Mostrou o retrato de Ester Contou todo acontecido... Contou que a sua amante Era escrava do bandido Que Rute tambem era escrava E que alí todos estava Sob o seu poder temido. Olavo viu que alí Não gostava do patrão Que todos tinham vontade De sair da escravidão Que os moradores, bravos Eram todos como escravos Do infame Rudrião. E foi chegando mais um... Outros, outros, outros mais Todos foram concordando Em combater o Caifaz Era a oportunidade De se livrar da maldade Das garras do Satanaz.


Foram então para um quintal Sob a luz de uma fogueira E arquitetaram um plano Que durou a noite inteira Olavo traçava tudo Fazendo seu grande estudo De atacar com a cabroeira. Disse ele: A casa grande Tem muitos homens armados! Mas antes do quebrar da barra Eles serão atacados Esse malvado, tirano Que nos causou desenganos Vai pagar por seus pecados!!! E assim passou toda a noite Encorajando a negrada Preparando todas armas E munição adequada Até que chegou a hora Antes do romper da aurora Cedinho da madrugada.


Aí saíram em silencio Pra casa do coronel Os primeiros raios do sol Tingiam o azul do céu... Olavo dizia consigo: Eu levo Ester comigo E dou fim aquele incréu. Começou o tiroteio A casa estava cercada Saiu tanto cangaceiro Só se via a macacada O fogo cerrou o Cocão Que estrondou pelo sertão Zoava pelas quebradas. Cada tiro de Olavo Caia um com certeza Ele mostrou valentia, Mostrou a sua destreza... Seus homens, também valentes Derrubavam tanta gente Com muita calma e frieza.
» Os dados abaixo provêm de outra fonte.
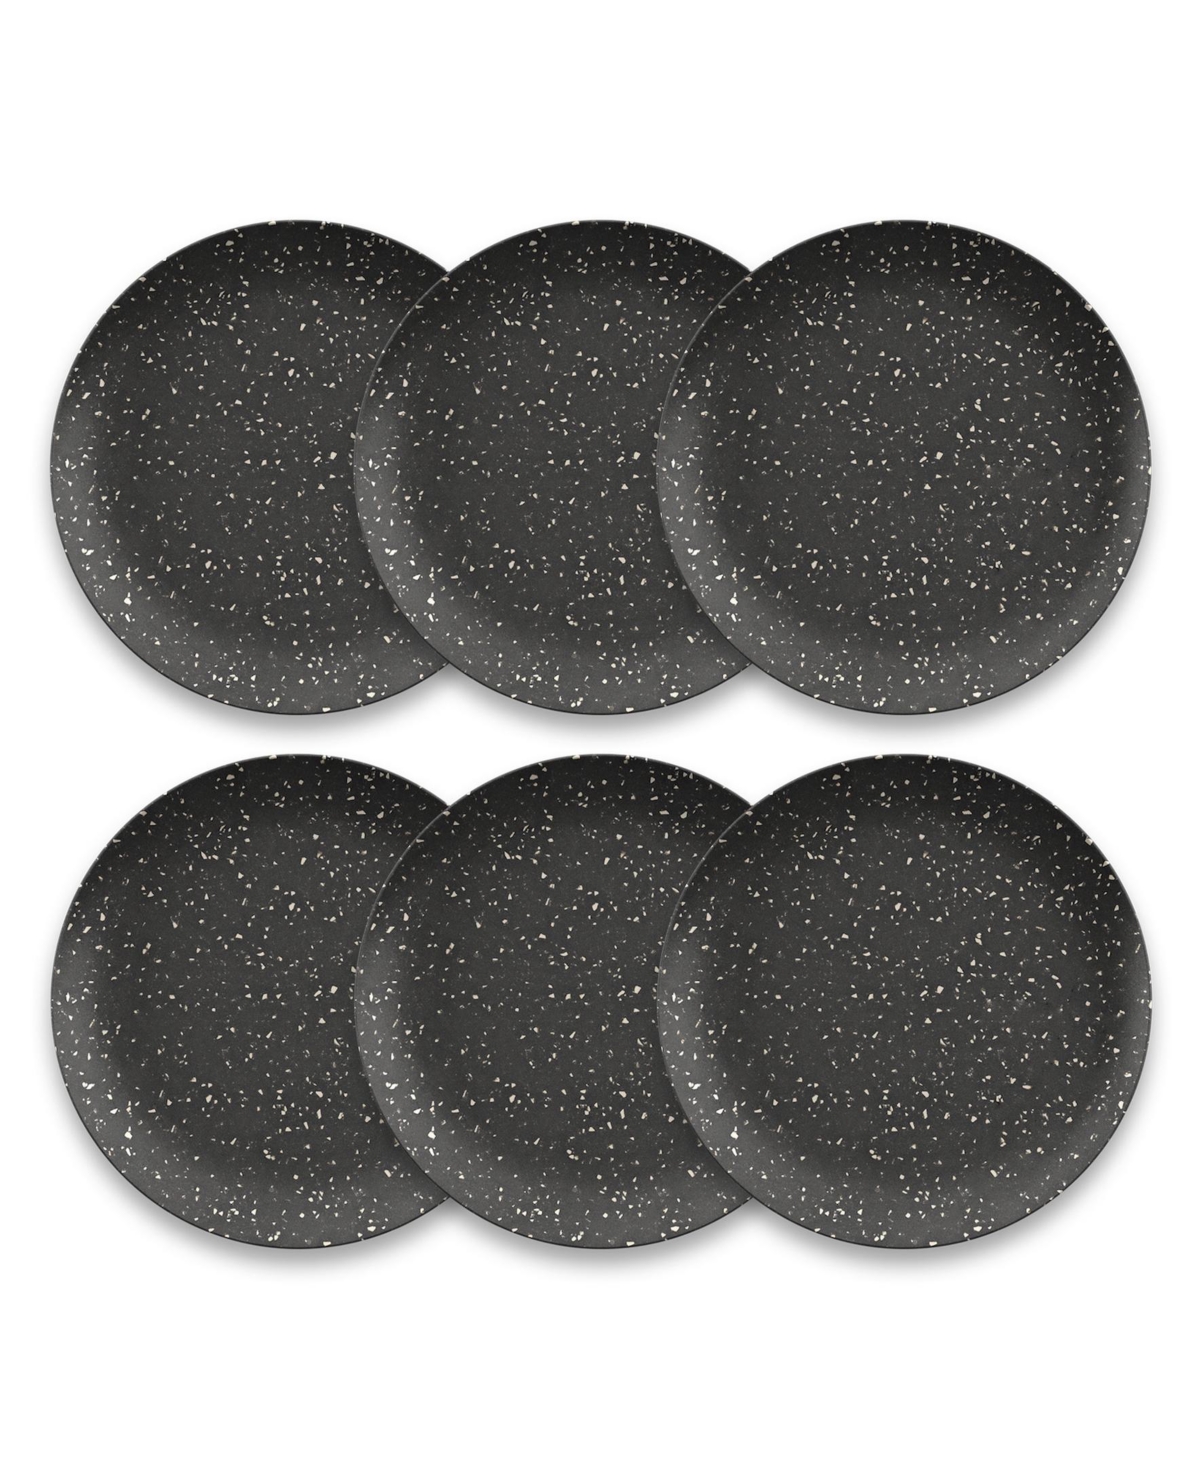 Orion Speckles 6-Piece Dinner Plate Set, 10.5" - Black

Dentro da casa o alvoroço Ester chorando rezava Sabia que era Olavo Que aquela guerra causava E ajoelhada pedia A Santa Virgem Maria Pelo homem que amava. Lá fora, o fogo cruzado Em grande destruição. Cada jagunço caído Menos um de Rudrião... Caia gente a granel Tanto dos do coronel Como os contra o patrão. O fumaceiro subia Fazendo nuvens no ar O tiroteio formado Mortos aqui, acolá... O coronel Rudrião, Já perdendo na questão Airava sem parar.
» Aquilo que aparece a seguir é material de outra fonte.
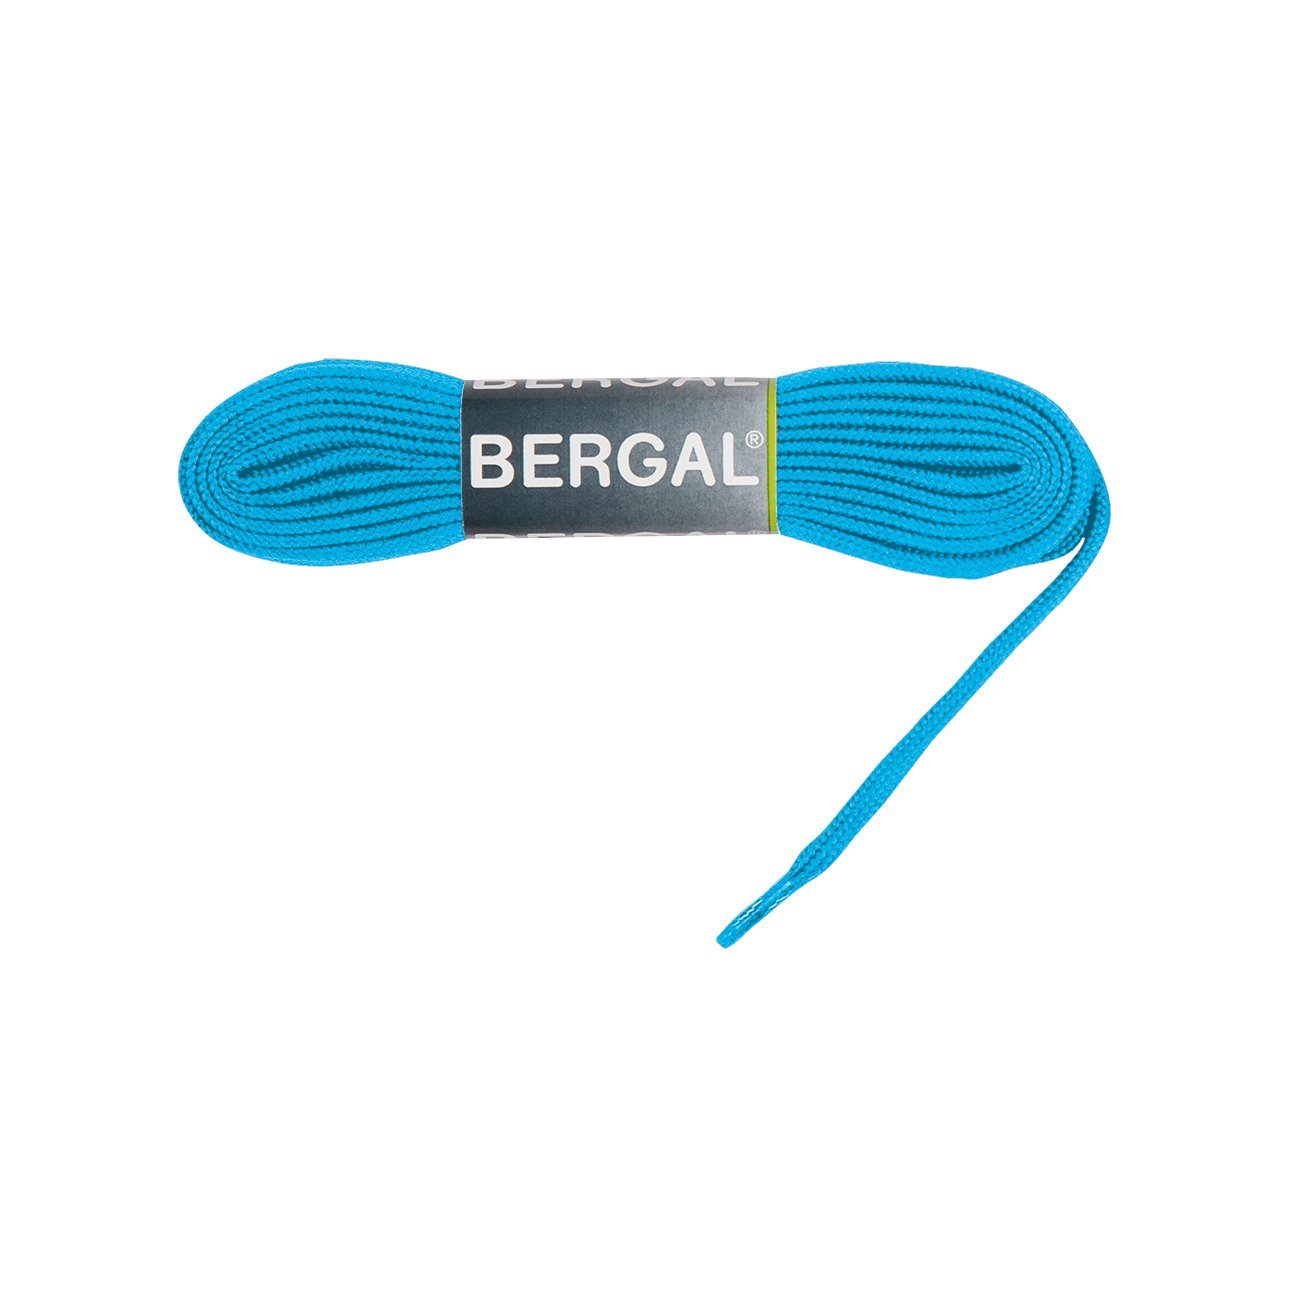 Bergal Schnürsenkel Sneaker Laces - Flach - 10 mm Breit Türkis

De vara, cacete e faca A cabroeira atacava Como uma praça de guerra Olavo ali avançava Tomaram todo terreiro Entrou em casa ligeiro Matando os que encontrava. Correram os que puderam Menino, velho e mulher Olavo tomou a casa Entrou no quatro de Ester Saiu com ela ligeiro Enquanto lá no terreiro Se achava o labacé. Os poucos dos moradores Que escaparam da questão Gritavam de alegria Com suas armas na mão Era a vitória sonhada De uma turma escravizada Das guerras de Rudrião.


E dentro da casa grande Dum quarto uma gritaria O coronel se findava Suspirando em agonia Todo de sangue coberto Algumas mulheres perto A sua morte assistia. Quando o último suspiro Foi dado por Rudrião Lá fora, gritos e vivas Com grande satisfação A cabroeira gritava E a Olavo aclamava De bacamarte na mão!!! Deixemos o coronel Lá no seu leito da morte Deixemos os moradores Valentes, bravos e fortes Falemos de um casal Que foi vitima do mal Mas agora teve sorte.
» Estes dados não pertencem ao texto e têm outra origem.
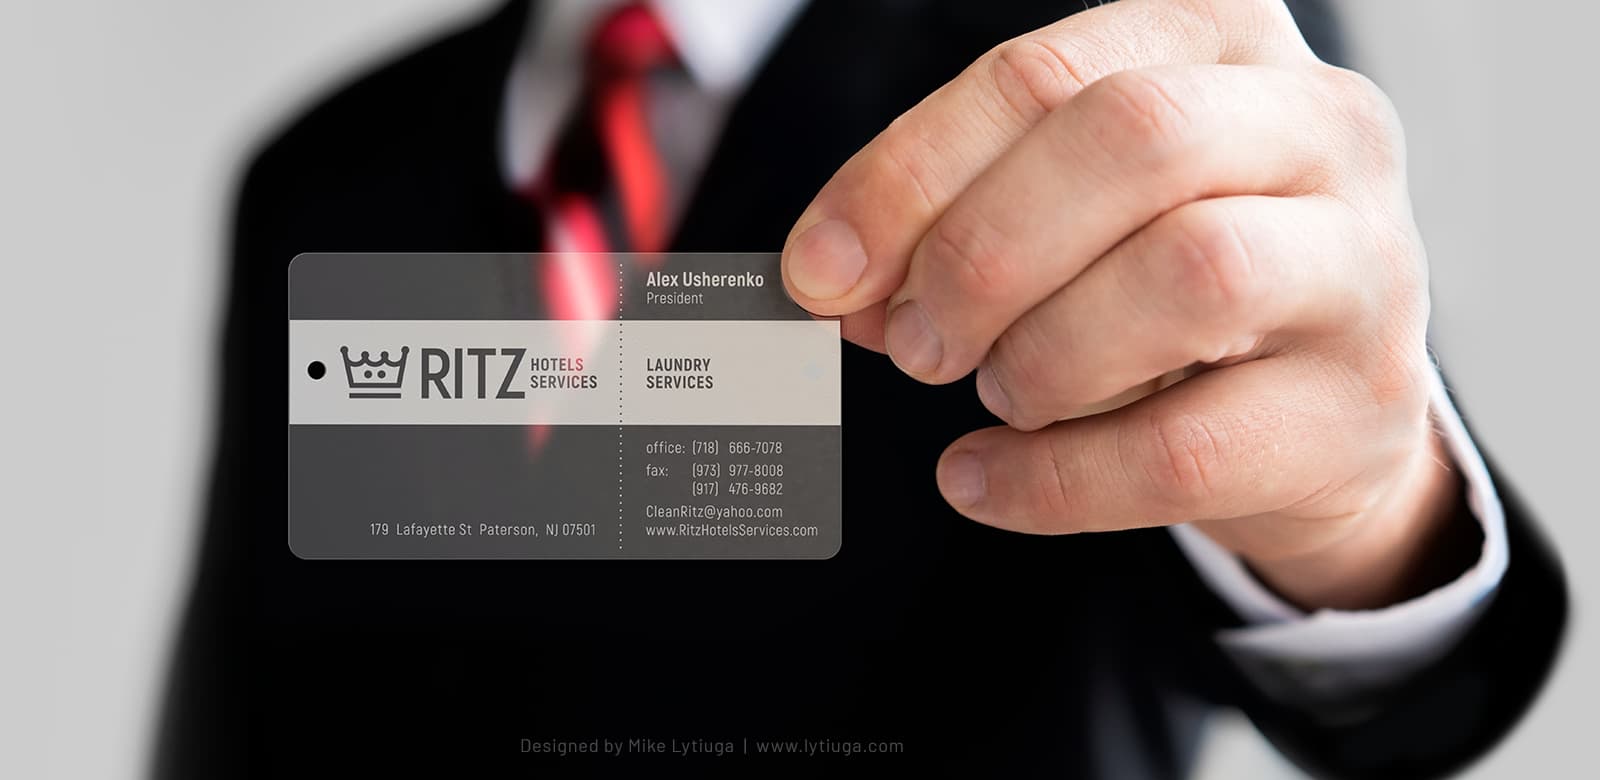 Translucend business card design for RITZ Hotels Services

Era Olavo mais Ester Que se abraçavam contentes Já lá fora, no terreiro Trocavam beijos ardentes Alegres, cheios de fé Lá foi Olavo e Ester Saudados por toda gente!!! Foi assim, meu caro irmão Que a história se passou O mal é sempre vencido O bem sempre é vencedor Esta é mais uma história Do sertão e sua glória Das lutas dum grande amor. Rudrião por ser tirano Morreu sem apelação... Olavo por ser honesto Foi querido no sertão Ester por ser sofredora Sorriu pois foi vencedora Tendo de Olavo a paixão!


E assim termina o romance Lhe mostrando que o amor Ostenta sempre a vit贸ria Irradiando o fervor! Tanto Olavo foi valente Ester tambem lhe ajudou Lhe esperando paciente Embora tendo a sua frente Sempre um grande malfeitor!